The great difficulty that lay in the way of the settlers of this country was the battle with the forest. Immense trees covered nearly all the land;—certainly all of what was first opened,—and though this timber was convenient for building their houses and barns, and making rails for their fences, it had to be cleared from the ground to make way for culture. First, when upon the ground, a house was made of logs and covered with thin boards, riven out of oak blocks, and next floored with slabs of split oak. Then came the clearing, which was done by grubbing out the bushes—and cutting off the smaller trees, which, with the brush were immediately burned. Then the trees were deadened, by chopping a girdle of notches through the bark. The ground was then ready to be plowed, as well as the rough state of it would allow, and planted with Indian corn, potatoes and pumpkins. As the trees never put out leaves after the girdling, they did not affect the crops with shade. In the fall the corn was gathered and, wheat sown where it stood. The next year more land was cleared and treated in like manner. But as the cattle and pigs lived in the forest, and boarded themselves there the greater part of the year, substantial fences—the zig-zag rail fence—had to be built around each field; and this fencing cost nearly as much labor as the clearing. Had they not adopted the plan of deadening the trees, it would have been more than the poor emigrants could have compassed, to have cut the trees down and removed them from the ground. As it was, the trees stood till they dried up, and the branches dropped off and the trunks fell. The rubbish was cleared up and burned each spring till it was gone. In those places where the timber, like beech, elm and maple, could not be deadened, it was the custom to chop down all the trees, felling them one way; and after they had lain a year or two, set fire to the whole mass, burn it off, and work between the stumps, till they rotted, which soon took place with that kind of timber.

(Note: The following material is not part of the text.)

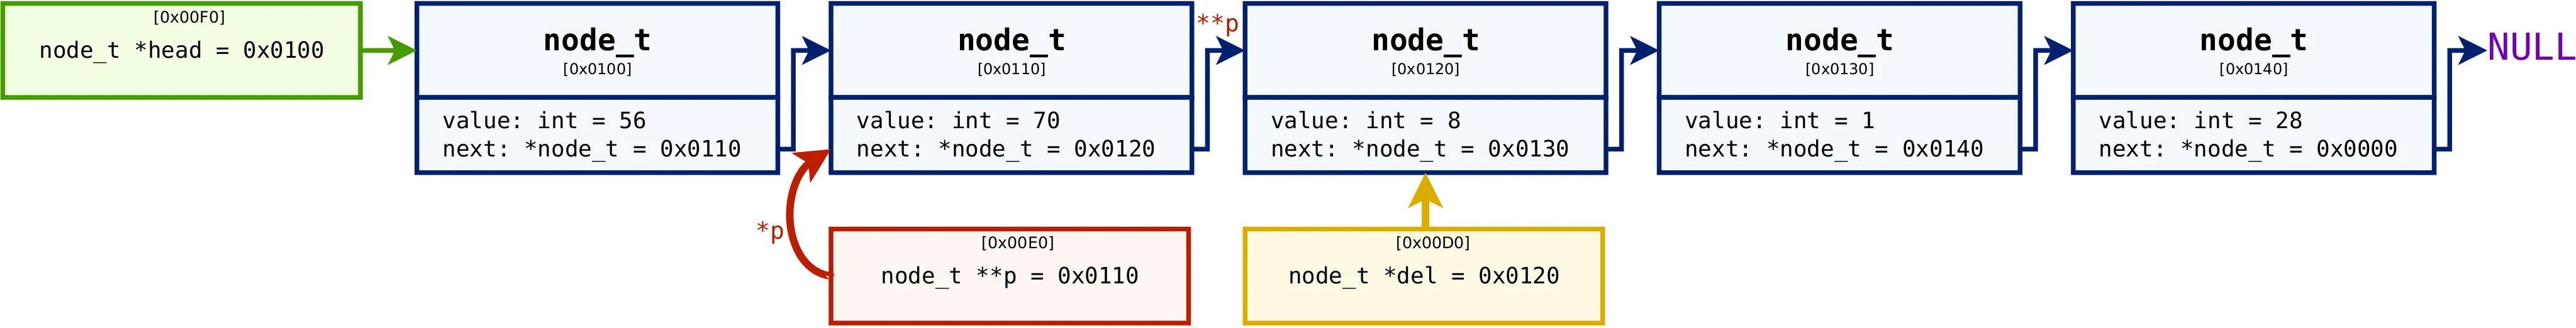 Singly-linked list example #5

Throughout the whole of the middle-aged emigrant's life there was a steady fight with the forest. At times this was hard and fierce. If a man was poor, and had no sons to help him, he had, as we used to say, "a hard row to hoe". But I have many a time seen a man and his wife and daughters gathering and burning brush and building fence on a spring clearing, with far better spirits than our ladies often do their spring shopping.

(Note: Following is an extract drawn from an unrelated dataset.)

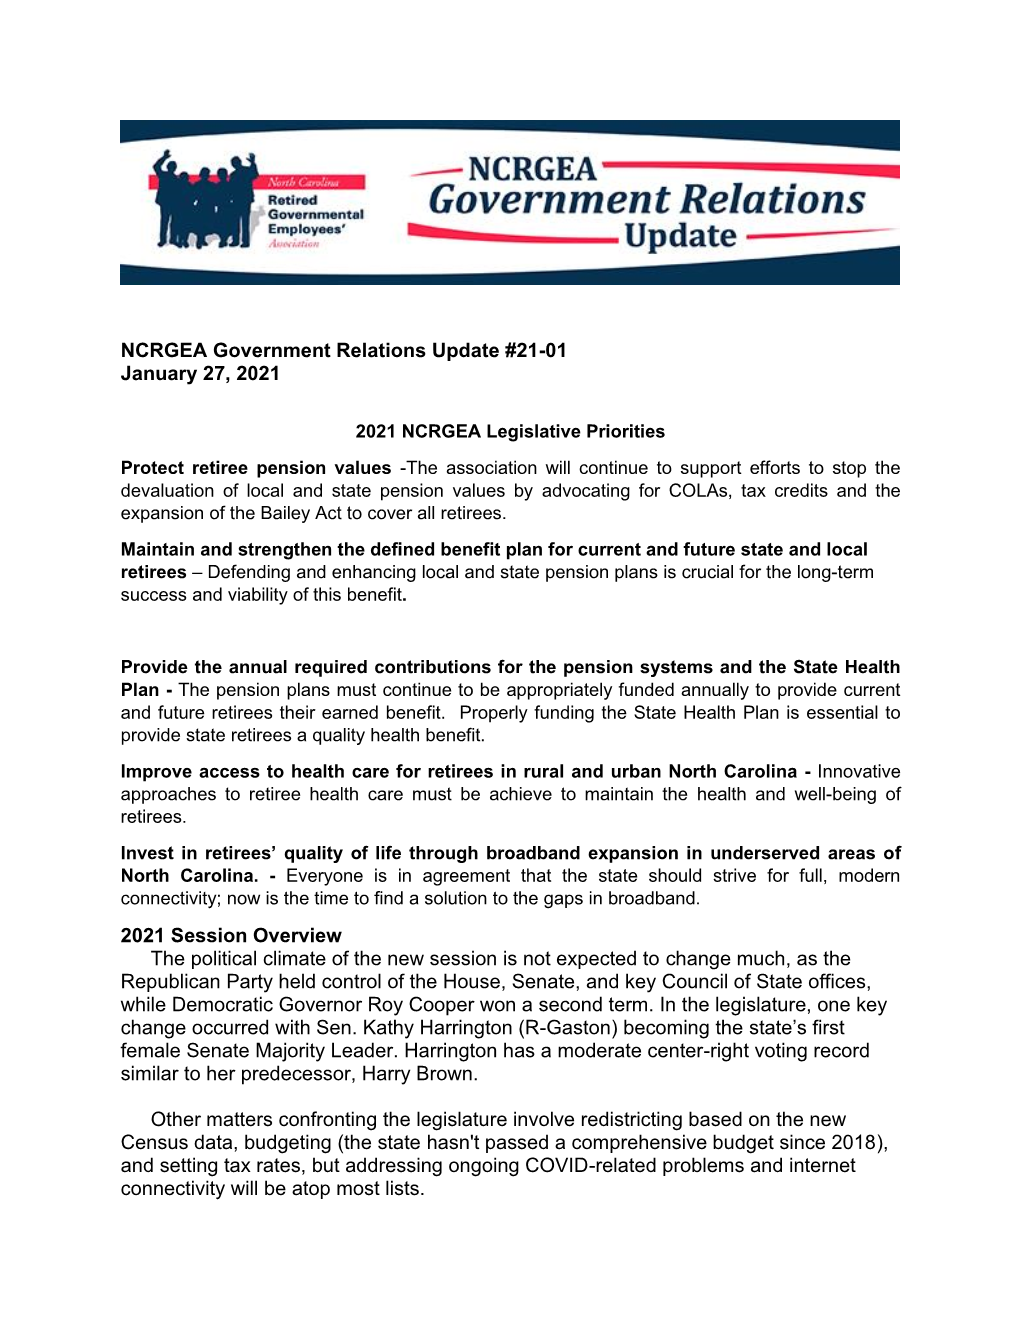 NCRGEA Government Relations Update #21-01 January 27, 2021

On this subject of clearing the ground, people who have not been acquainted with the process, have little idea of the necessary slovenliness of it. Ever since I can remember, I have heard farmers from old settled countries, particularly Englishmen, grumble about the stumps and dead trees; and recently I saw an article in an Upper Canada paper, lauding an invention for pulling out trees by the roots, as a blessing to emigrants, in clearing the land. The use of such a machine would be a curse. If I wanted to clear a farm, I wouldn't have the trees pulled out that way for me for nothing. Fancy the labor of getting rid of all this green timber, and filling up and smoothing over the holes left from the trees! I hope the Emigration Societies wont inflict such a contrivance upon the poor men coming over to people the new lands of Ontario. When you clear land for a farm, the true policy is to do it with the least labor possible, and depend upon the aid of burning and rotting to get rid of the timber.

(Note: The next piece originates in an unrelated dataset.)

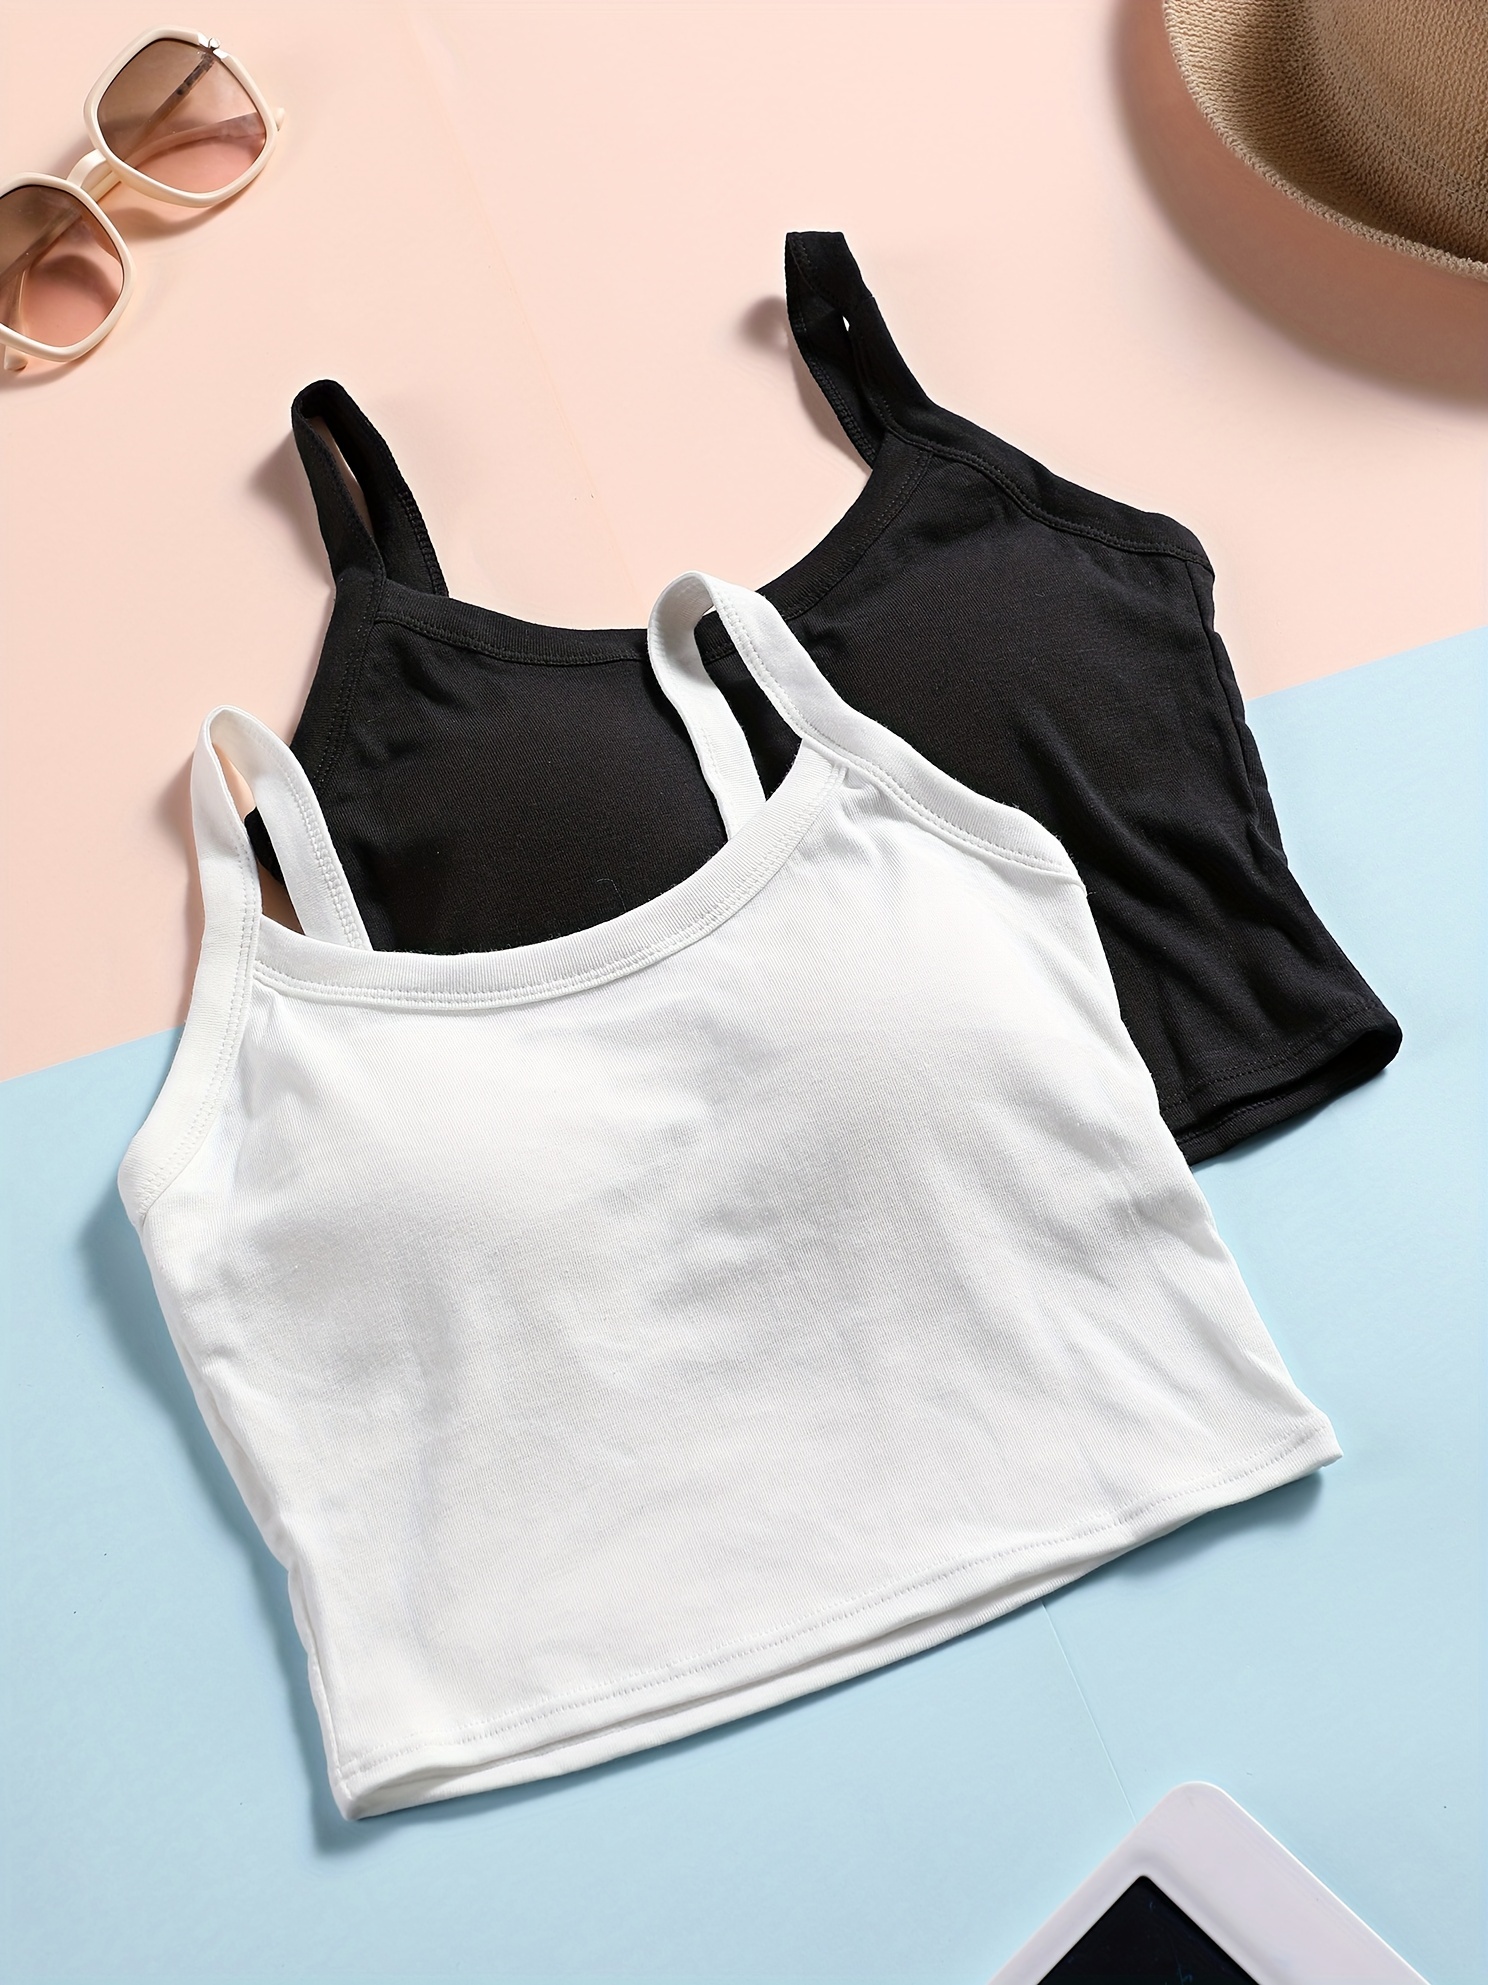 Women's V Neck Spaghetti Strap Cami Padded Crop Tank Top with Built in Bra  Casual Cotton Yoga Sports Bralette

The families of these emigrants were usually large, and of good physique, coming as they did from the hardiest class of society; and they were neither afraid nor ashamed to work. I remember a case. Matthew Kenedy, a Scotchman, who stood six feet in his stockings, had one daughter and nine sons, most of whom stood six feet, but without stockings a good deal of the time, settled on a "quarter section"; (160 acres) and on the next "quarter", John Pierce, a Marylander, took up his abode. He had one son and nine daughters; and they were the tallest family of girls I ever knew, reaching six feet, nearly every one of them. The tall boys helped their father to clear up the farm; and the tall girls helped their father with the same work on his place, besides dressing flax, carding wool by hand, spinning and weaving for themselves and neighbors. Both families got to be well off; and as the most natural thing in the world, some of the Kenedy boys married some of the Pierce girls. I lost sight of these families more than forty years ago; but I will warrant the finding of some of their descendants in Illinois, Iowa, or further West.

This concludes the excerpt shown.